This past year I lost allot of things. Friends, family, home, jobs, sports, school. Pretty much everything that matters to a person was gone in one short summer. With the loss of everything came the fear of everything. Most of these fears have been replaced with peace now that I have had time to work through them. The other day I caught myself being afraid of speaking my mind. I realized that I don't want to lose anything that I have gained back. I started looking through my past year and realized that I have hidden parts of me that are important to me for the sake of acceptance and the feeling of comfort. 

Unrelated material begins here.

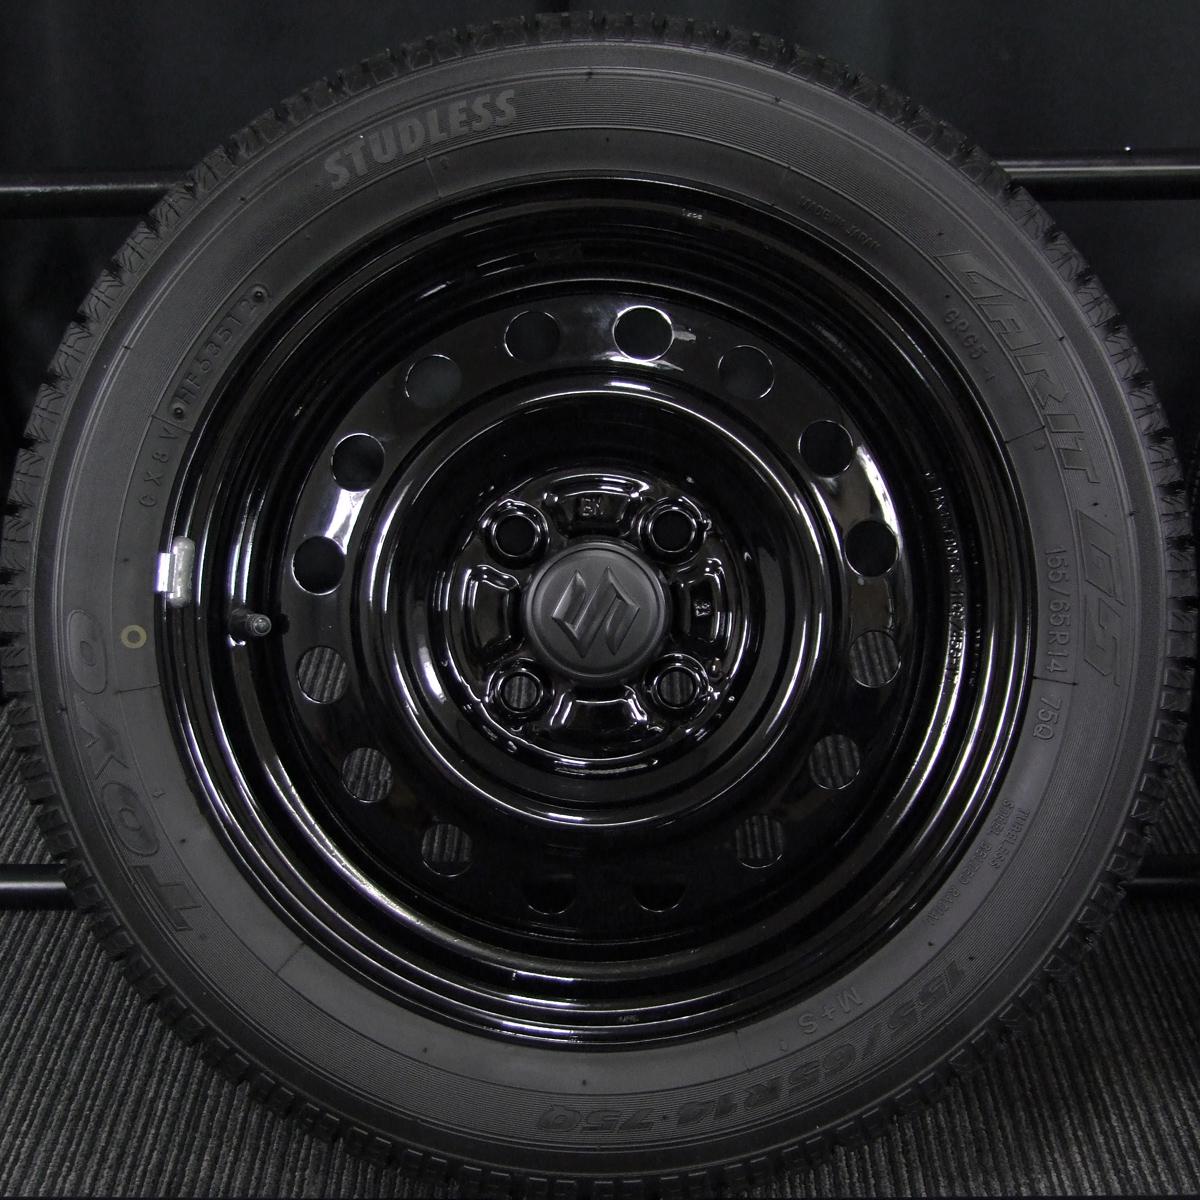 SUZUKI エブリィ 純正 ブラック TOYO GARIT G5 155/65R14 4本SET
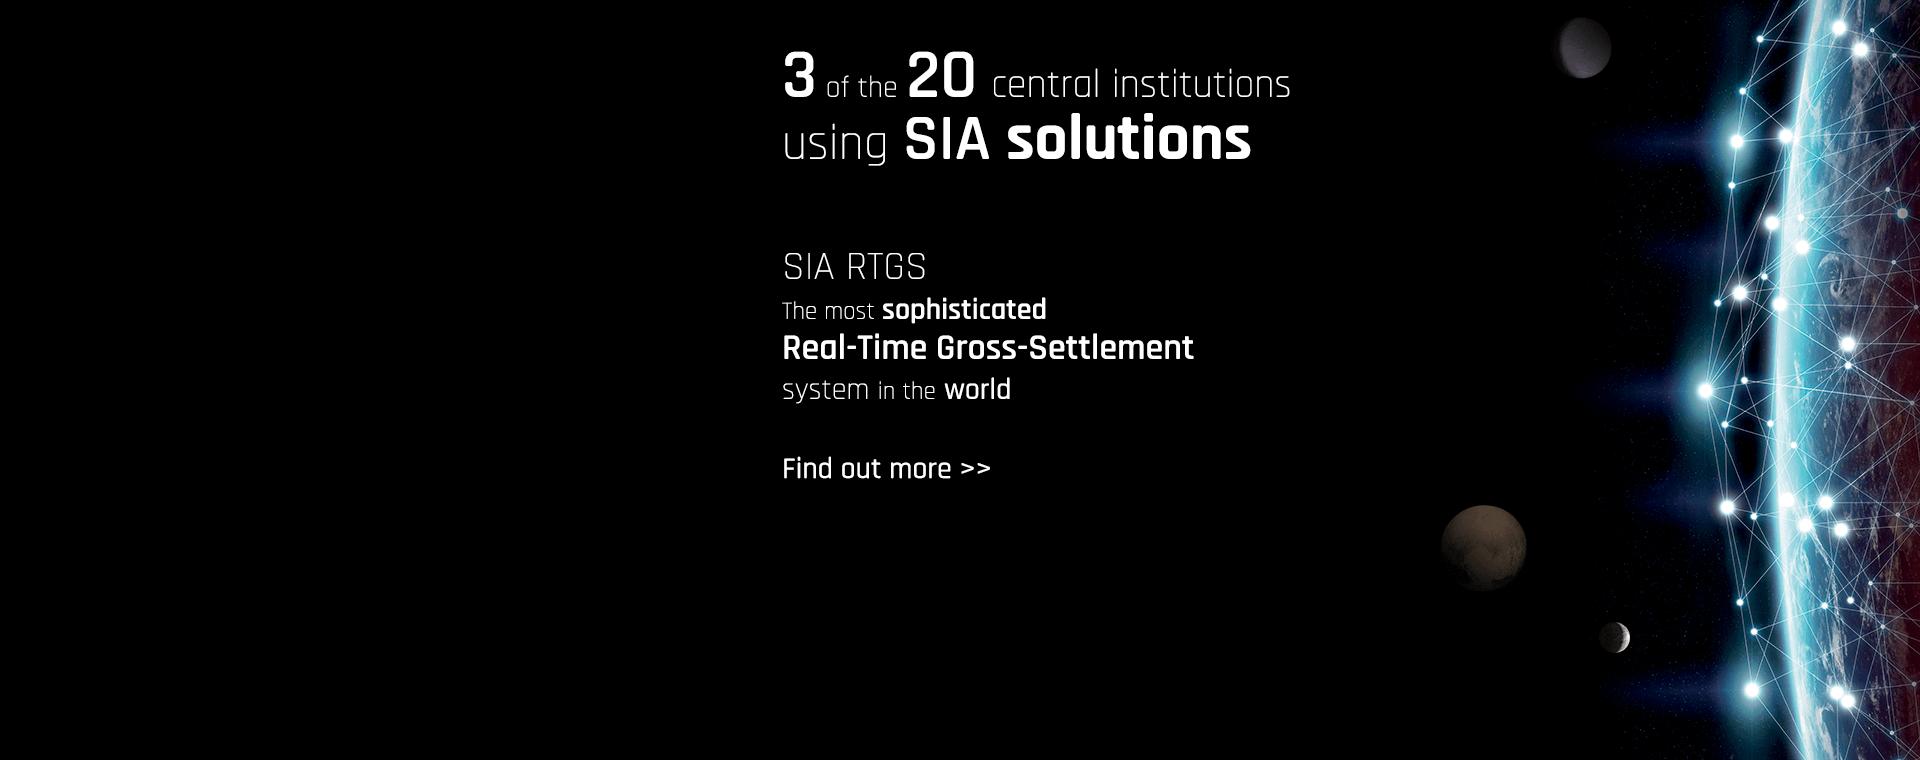 SIA RTGS:  Il più avanzato sistema Real-Time  Gross-Settlement al mondo

I realized that once again my issue was fear. So I asked myself what's the worst that could happen, if I spoke about what is truly important to me? I realized my fear wasn't completely irrational. I could quite possibly lose friends, family, jobs, etc. I quickly asked myself another question. What will happen if I don't speak up about what is truly important to me? More fear, guilt, desperation, confidence issues. The list could go on and on and on. 

So like the homeschooled freak I am I talked to myself and told myself that I better figure out what I needed to do to fix this issue. There is a story about two men. One is the Ruler and Creator of everything and the other is an extremely close friend of his. The Creator tells his friend that he is going to die for him and that he is doing it out of love. His close friends gets frustrated and tells him no way is that happening, he would much rather die in his place. I can just see the Creator (Jesus) smirk at his friend (Peter) as he says. "Really?! You would die in my place?!" Since of course he knows everything I can just hear the pain as he tells Peter this. "Well guess what, you will not even acknowledge that you know me 3 times before tomorrow morning." He tells Peter this as they are eating dinner together. 

I honestly don't know how I would feel if my best friend told me that she was going to die for me because, she loved me so much and than the next thing she tells me is that I am going to deny our friendship not once but 3 times over for my own selfish sake. That would be painful. I know part of me would get this smart alec response going. I would probably take it as a bet and say something like. "Yah right. I bet I can make it till tomorrow morning without just completely dissing you once!" 

Sadly enough 5 chapters later in John 18 Peter completely denies Jesus 3 times over. He tells the people he is with that he doesn't even know the man. Peter is filled with shame and regret. He just denied that he even knew his closest friend. His friend that was about to go die for him. Why did he do it? He did it because, he was afraid for his own life, he wanted acceptance, he was grieving. There were allot of things stacked up against him. Why do we do it? I bet I could come up with a hundred excuses for why I don't speak my mind about hundreds of different issues. Excuses don't get us anywhere though because, we all always have a choice about everything that we do.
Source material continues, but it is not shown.